There is relatively little Rust in the kernel, but there are even less Rust CVEs. In this cycle alone there were 160 CVEs, one in Rust. The first one! The amount of rust is way less than 1/160 and even that statistic is off, because one should count all CVEs.
Greg Kroah-Hartman has been in charge of CVEs in the Linux kernel for a decade.
Your account is 1 day old.
I’m in a real dilemma here about whose word to take on the seriousness of this CVE.
>Bergmann agreed with declaring the experiment over, worrying only that Rust still "doesn't work on architectures that nobody uses".
I love you Arnd. More seriously, this will become an issue when someone starts the process of integrating Rust code into a core subsystem. I wonder whether this will lead to the kernel dropping support for some architectures, or to Rust doing the necessary work. Probably a bit of both.
I suspect more the latter than anything. It could be that by the time Rust gets used in the kernel core, one or both of the GCC implementations would be functional enough to compile the kernel.
I'm curious though, if someone has an ancient/niche architecture, what's the benefit of wanting newer kernels to the point where it'd be a concern for development?
I presume that outside of devices and drivers, there's little to no new developments in those architectures.
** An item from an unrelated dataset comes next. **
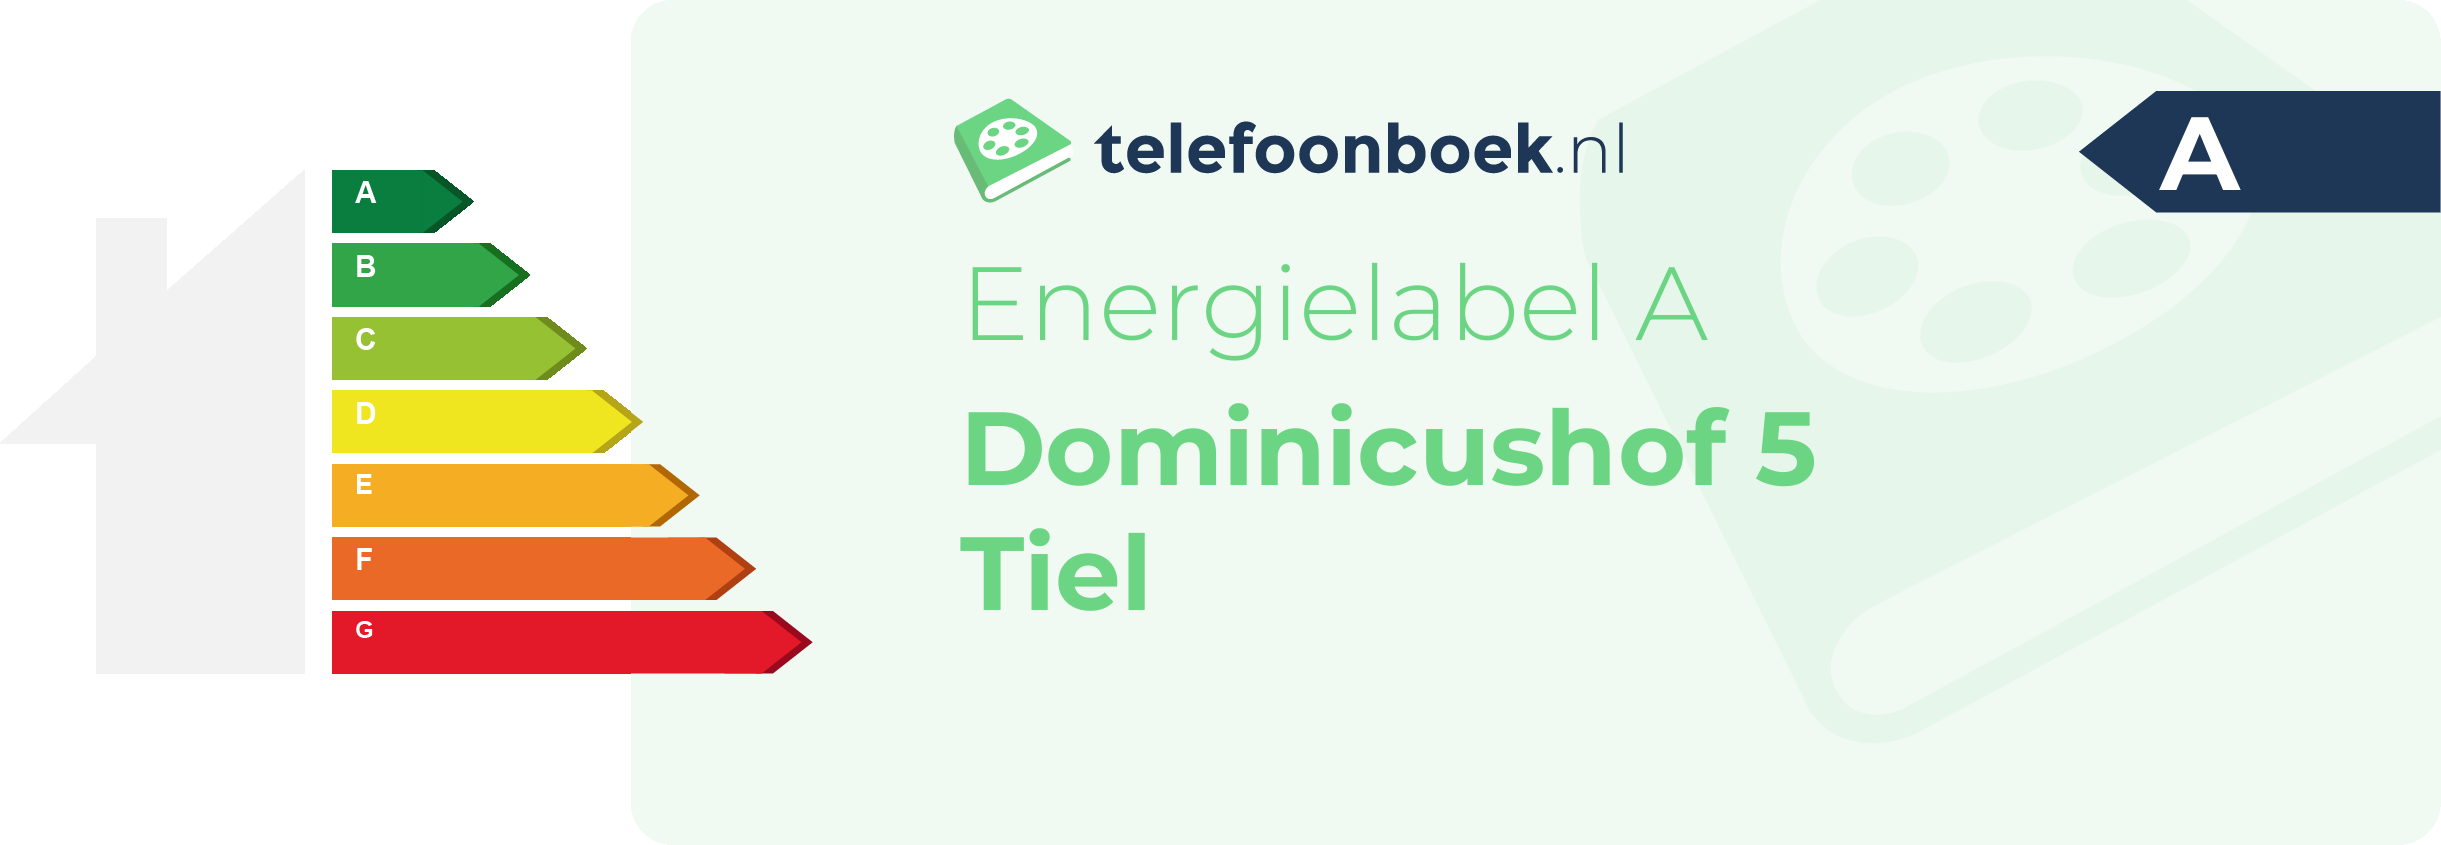 Energielabel Dominicushof 5 Tiel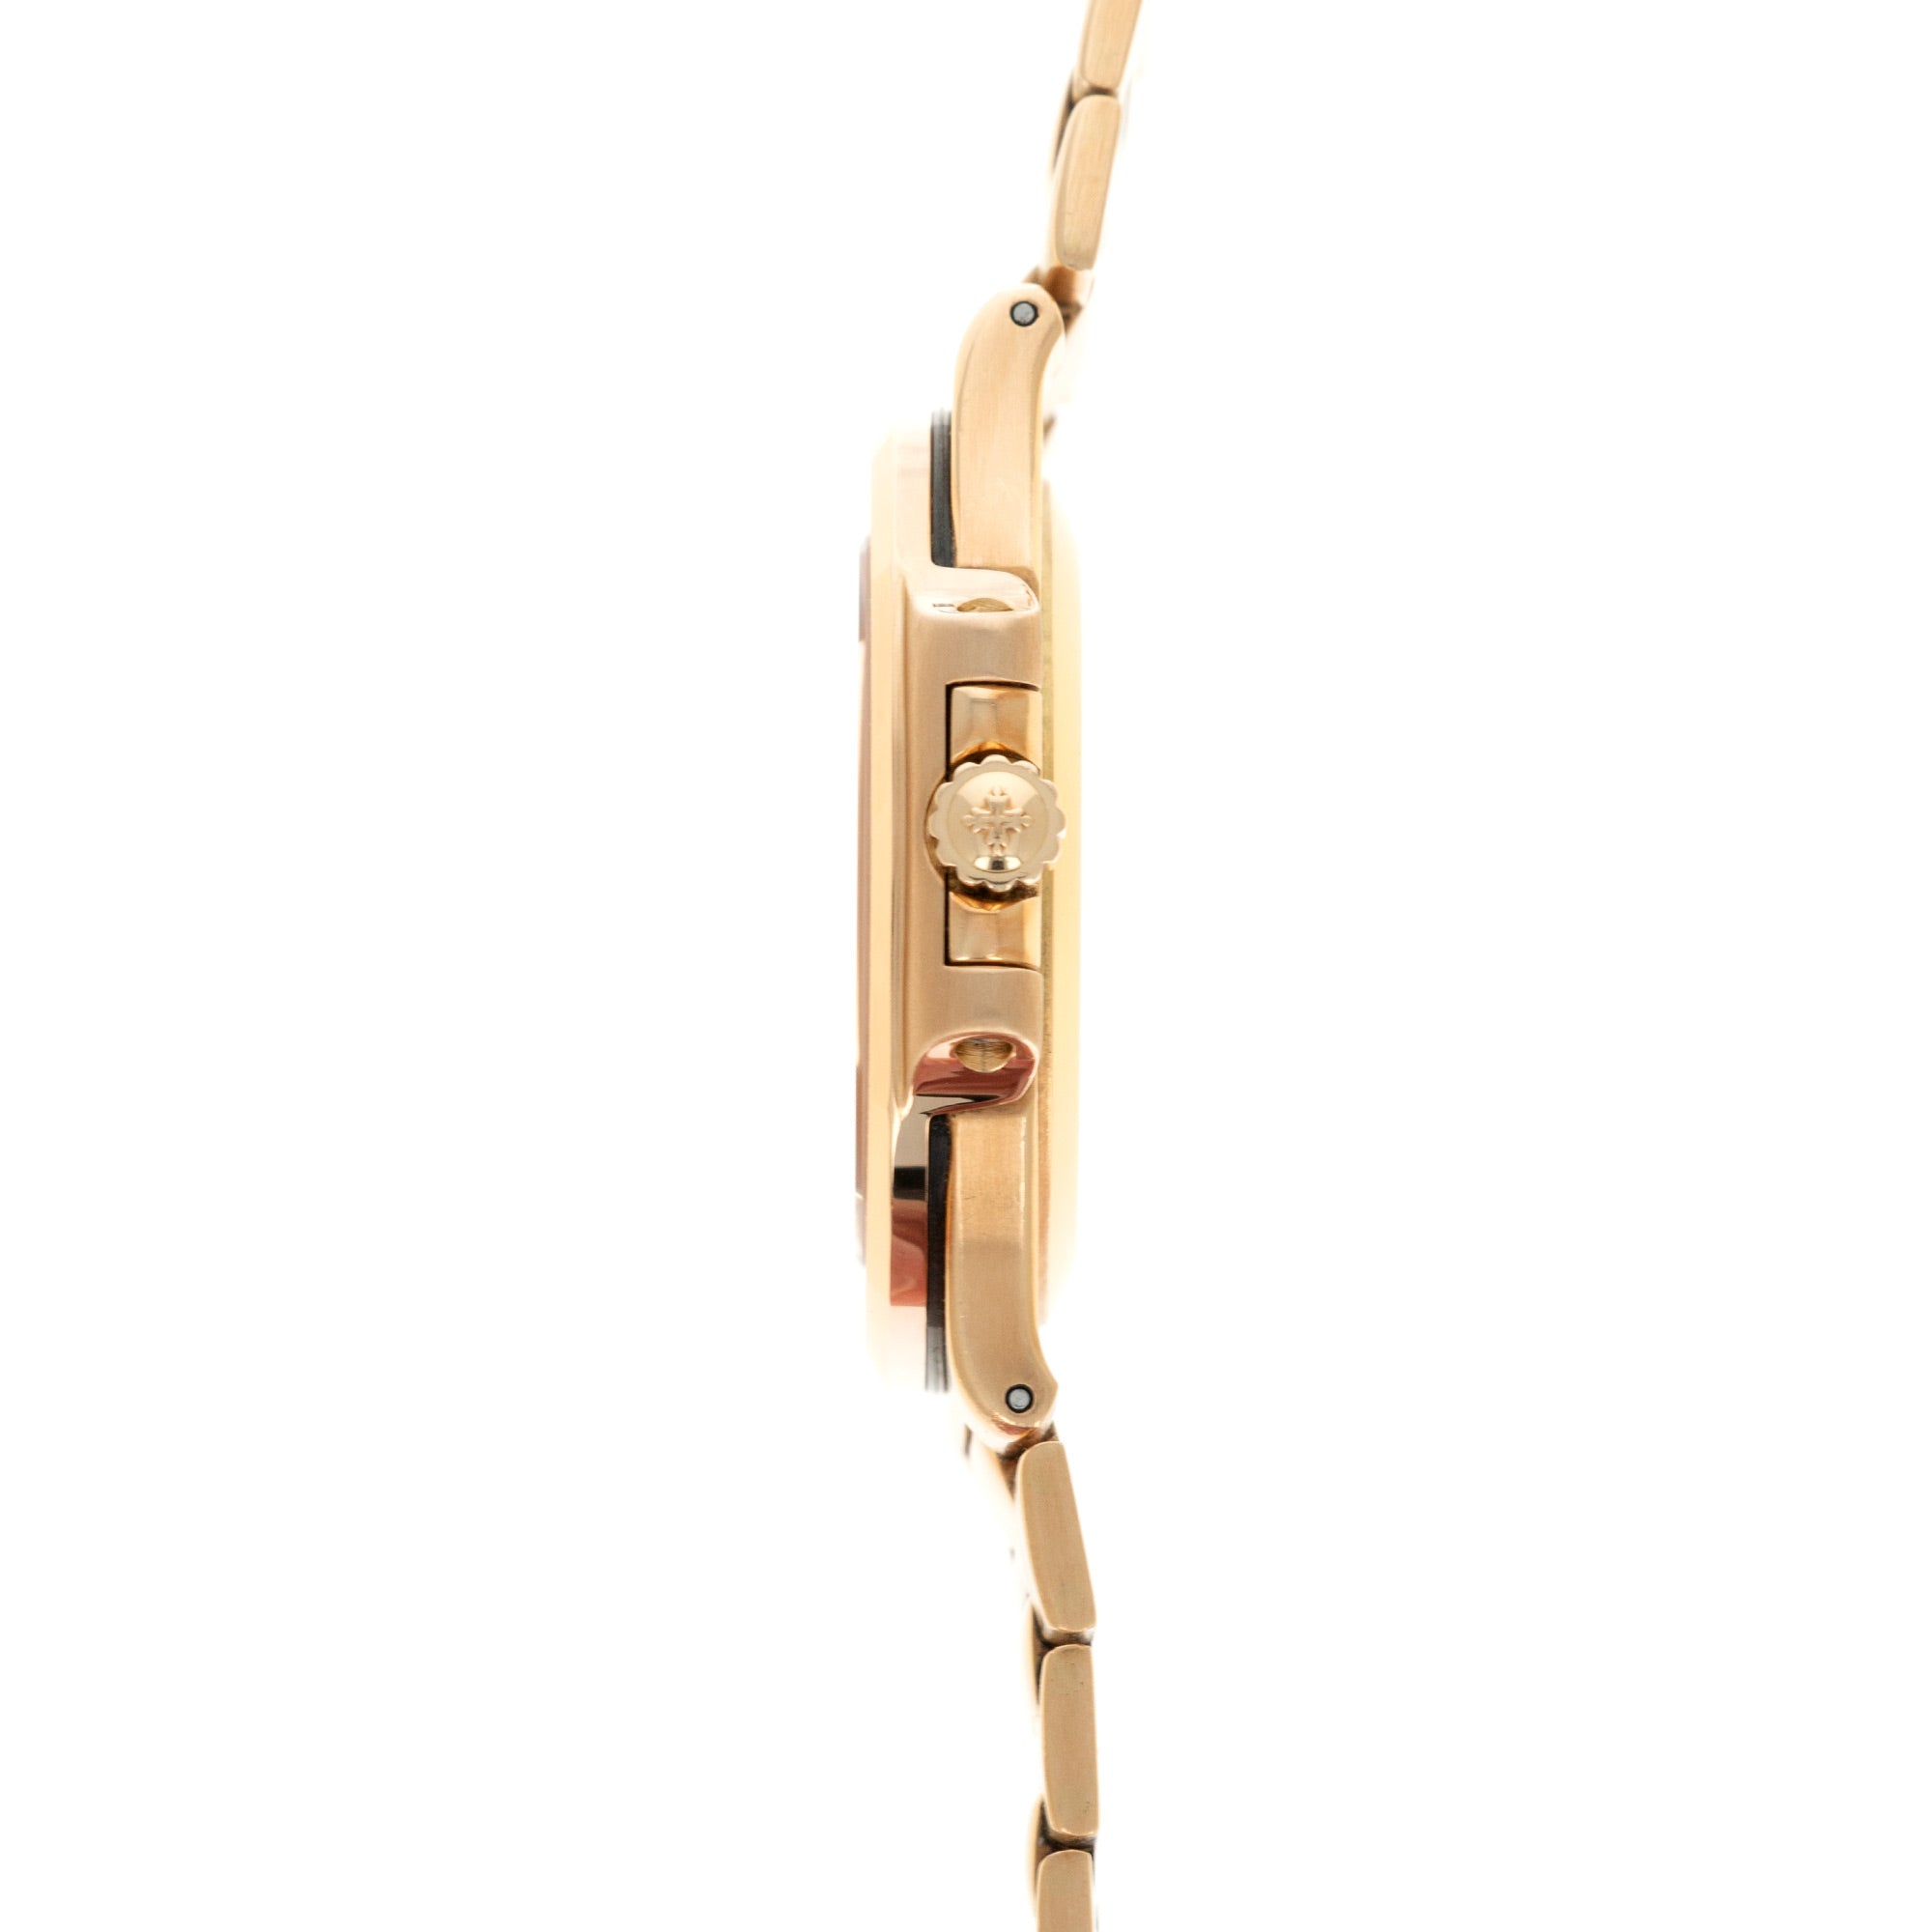 Patek Philippe - Patek Philippe Yellow Gold Nautilus Ref. 3800J - The Keystone Watches

In which case, why don't the users/maintainers of those archs use a pre-6.1 kernel (IIRC when Rust was introduced) and backport what they need?
Once again, congrats to the R4L team! It's a big milestone and I'm looking forwards to future developments!.
There was a lot of interesting discussion on the previous post [0], but one thing I didn't see was much discussion about this bit:
> The DRM (graphics) subsystem has been an early adopter of the Rust language. It was still perhaps surprising, though, when Airlie (the DRM maintainer) said that the subsystem is only "about a year away" from disallowing new drivers written in C and requiring the use of Rust.
I was a bit surprised when I first read this. Is this meant to be read in a way that is more just a description of the state of Rust bindings (e.g., the DRM subsystem is about a year away from being able to require the use of Rust, but isn't actually planning on doing so), or it is describing actual plans (e.g., the DRM subsystem is about a year away from actually requiring the use of Rust)? I was originally more inclined to go for the former interpretation, but this other bit:
> With regard to adding core-kernel dependencies on Rust code, Airlie said that it shouldn't happen for another year or two.
Makes me think that perhaps the devs are actually considering the latter. Is anyone more in-the-know able to comment on this?
I'm not more "in the know" but it makes sense that new drivers could require it. New drivers, after all, are pretty much always written for newer platforms that Rust has support for. The main issue with enabling Rust (let alone requiring it) is that Linux still supports platforms which Rust does not.
Is DRM considered core kernel dependencies?
I don't know. My line of thinking is that if the Linux devs are comfortable with using Rust in core Linux then they might also be comfortable requiring Rust for new drivers as well. No idea if that makes sense, though.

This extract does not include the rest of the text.